Wanita Batak ini Merupakan Konservator Museum Yahudi Terbesar di Eropa

Written by Fahmiranti Widazulfia Member at GNFI
Share this
0 shares
Comments
0 replies

Dia mempunyai keahlian yang tak dimiliki semua orang: konservasi kertas dan kulit. Anna Sembiring sehari-hari menjabat konservator senior Museum Polin, museum sejarah Yahudi di Polandia. Museum Polin, yang baru diresmikan setahun lalu, merupakan museum sejarah Yahudi terbesar di Eropa. Di sini tak hanya tersimpan manuskrip dan benda-benda budaya bangsa Yahudi yang berumur ratusan tahun, tapi juga jejak perjalanan bangsa itu, terutama di Polandia. Dan tugas Anna menjaga semua benda itu.

Anna Sembiring, Petugas konservasi POLIN Museum of The History of Polish Jews. TEMPO/ L.R. Baskoro

Anna Sembiring, Petugas konservasi POLIN Museum of The History of Polish Jews. TEMPO/ L.R. Baskoro

Dari kamarnya di lantai dua, perempuan yang lahir dari ibu berwarganegaraan Polandia dan ayah bersuku Batak Karo itu memantau “isi perut” Museum Polin, yang terletak di jantung Kota Warsawa, Polandia.
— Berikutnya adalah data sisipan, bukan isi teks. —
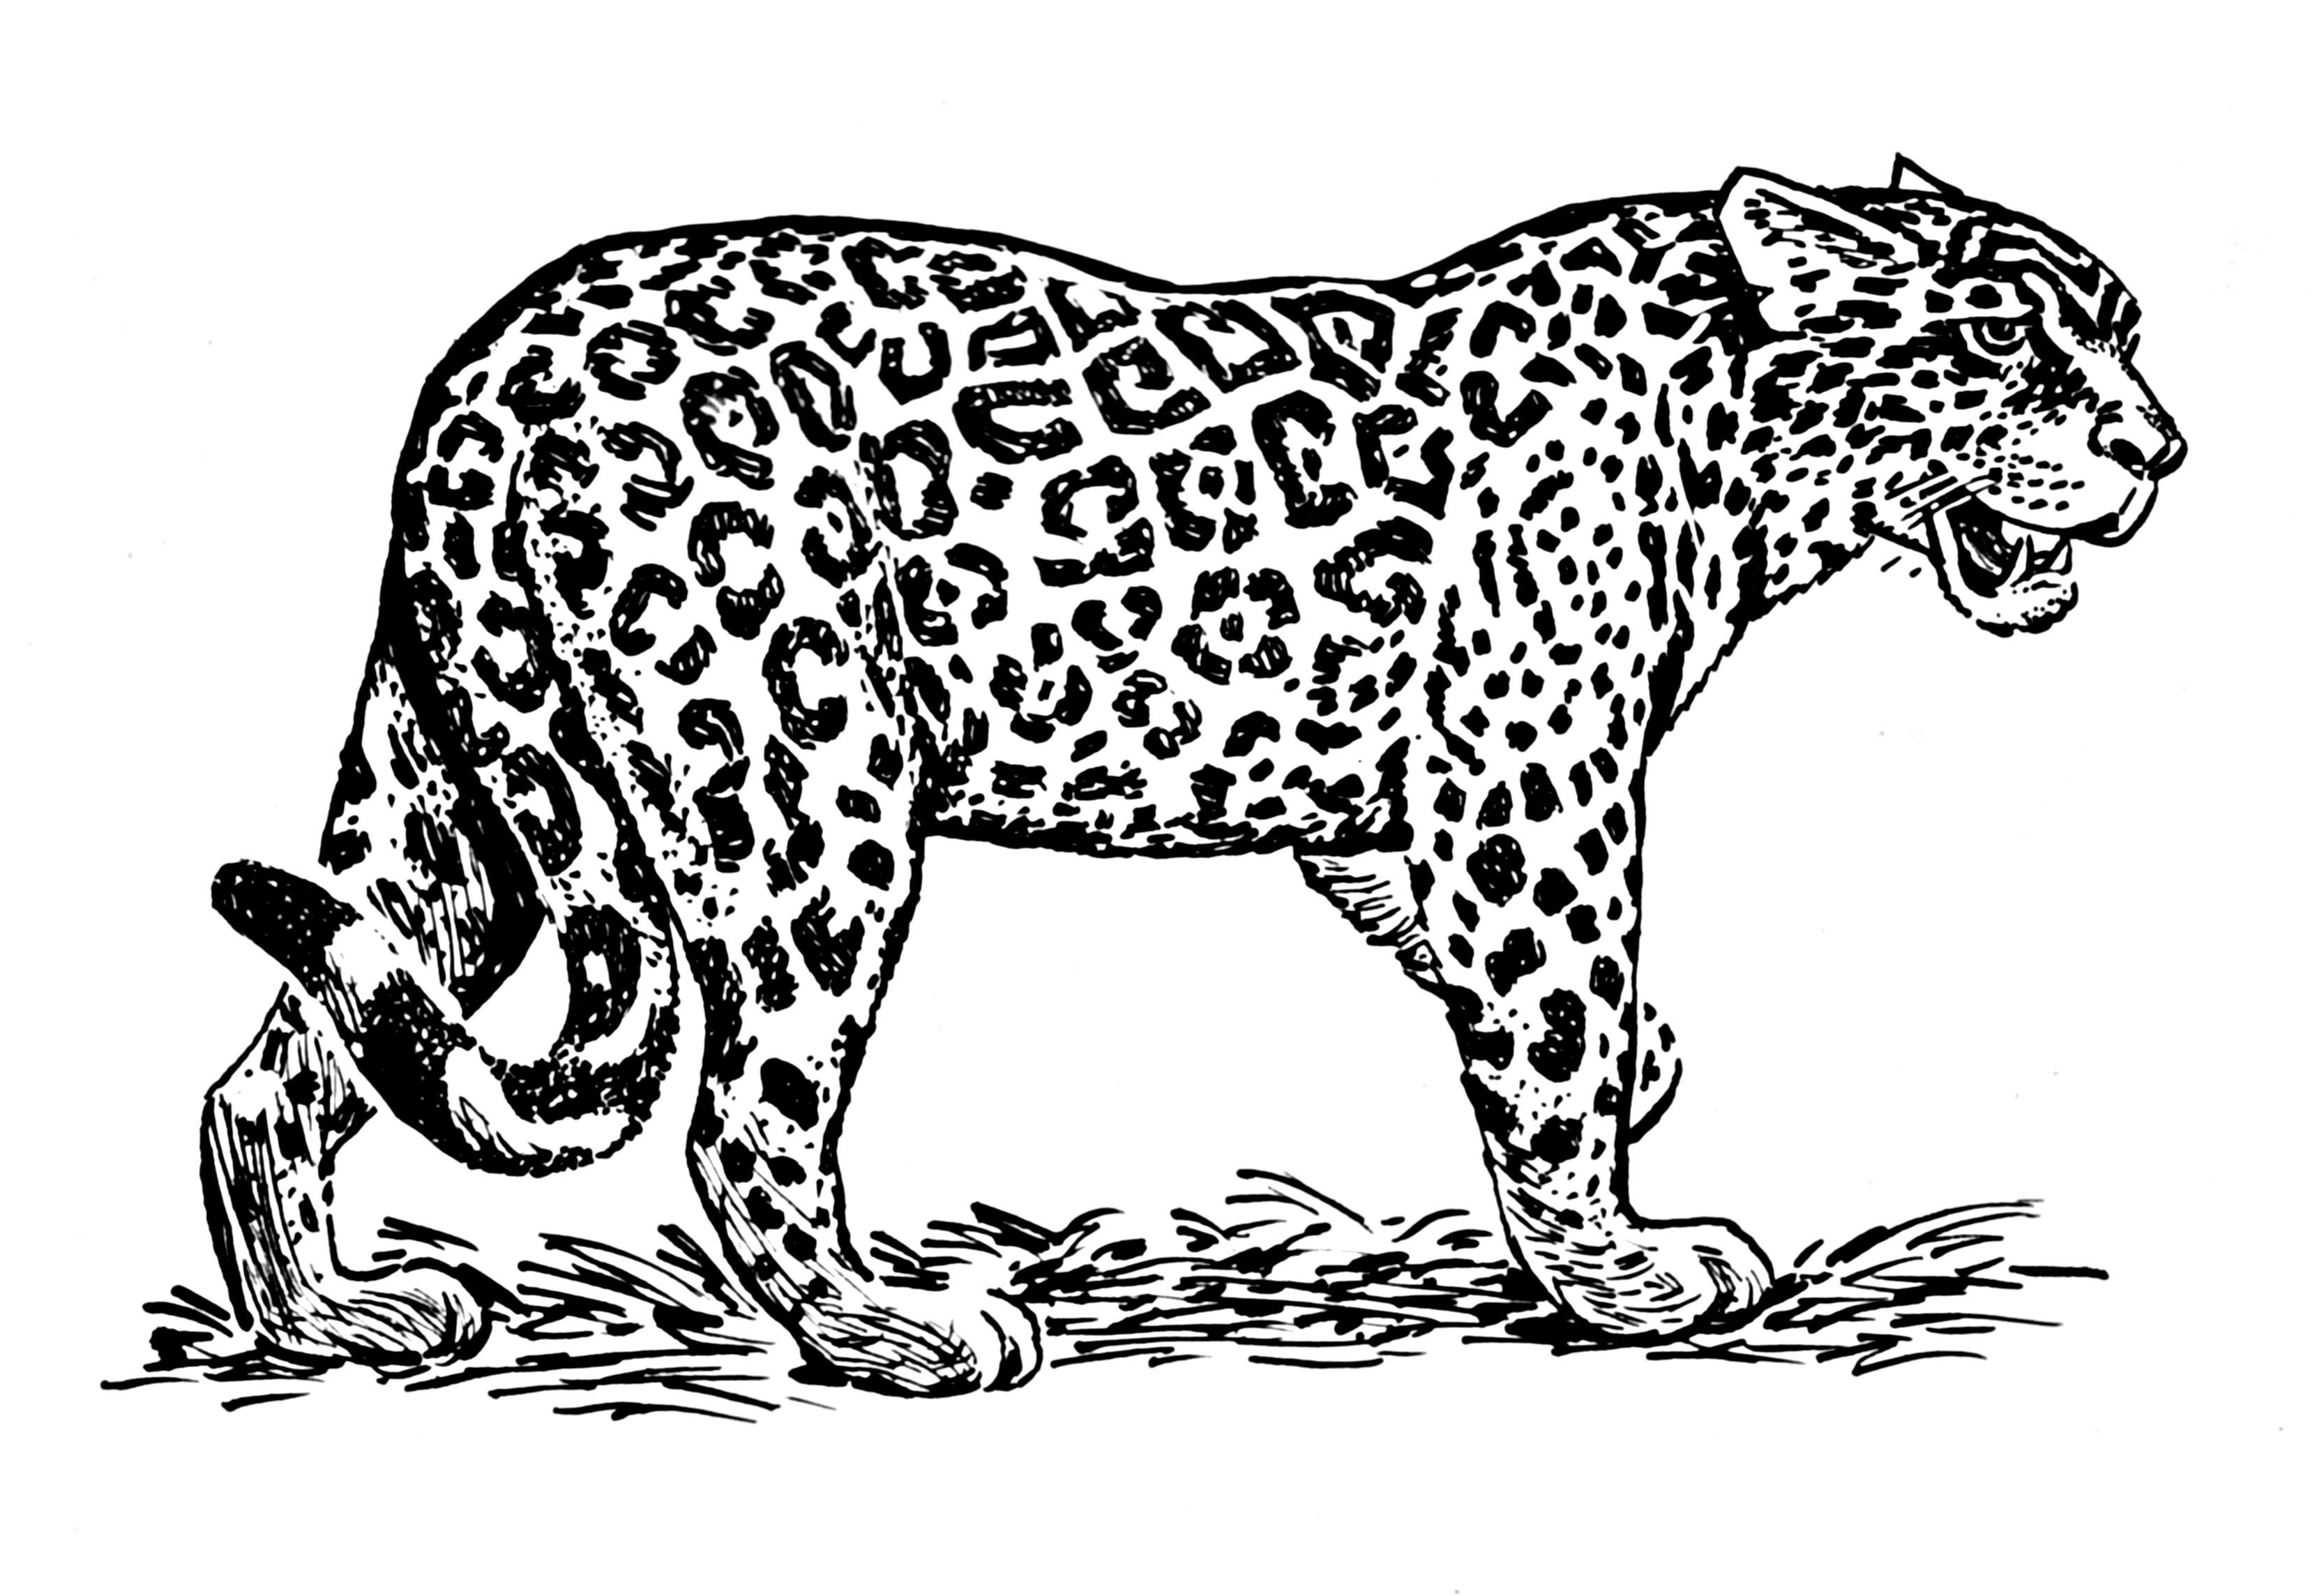 8 Remarquable Jaguar Coloriage Photos Dessin Jaguar Coloriage Coloriage Animaux

Kamar yang juga berfungsi sebagai ruang kerja tersebut cukup luas, seukuran hampir separuh lapangan bulu tangkis. Sebuah meja besar, terbuat dari kayu cukup tebal, terbentang di tengah ruangan.

Yang menyedot perhatian di ruangan itu adalah beberapa perangkat untuk mengkonservasi koleksi museum, yang biasa disebut “eksponat”. Itulah perangkat vital yang digunakan Anna meneliti dan memperbaiki benda-benda bernilai historis untuk kemudian dipamerkan di Museum Polin.

“Ini untuk menghilangkan dan menyedot racun kimia yang mungkin menempel di eksponat,” kata perempuan 36 tahun tersebut. Alat yang ditunjuk Anna berbentuk kotak, dilengkapi semacam tabung di atasnya.

Menjabat konservator senior di museum yang didirikan Kementerian Kebudayaan dan The Association of the Jewish Historical Institute of Poland, tugas Anna terhitung berat. Dialah yang senantiasa memeriksa semua eksponat, terutama yang terbuat dari kertas dan kulit.

Benda-benda itu diletakkan di tempat khusus yang bahannya tidak terbuat dari material sembarangan. Kotak kaca, misalnya, mesti dilengkapi dengan filter ultraviolet, karena radiasi ultraviolet sangat berbahaya untuk tekstil dan kertas. Selain itu, mesti ada silika gel, yang berfungsi mengurangi kelembapan.

Sejumlah perangkat teknologi canggih—siang-malam—juga menjaga koleksi Museum Polin yang berjumlah sekitar 10 ribu benda. “Begitu pengunjung meningkat, suhu harus disesuaikan, supaya sirkulasi udara tetap terjaga,” ujarnya. “Jika tidak, koleksi museum yang ada di ruangan rusak.” Kata “rusak” tentu saja hal yang sangat tidak diinginkan orang-orang seperti Anna.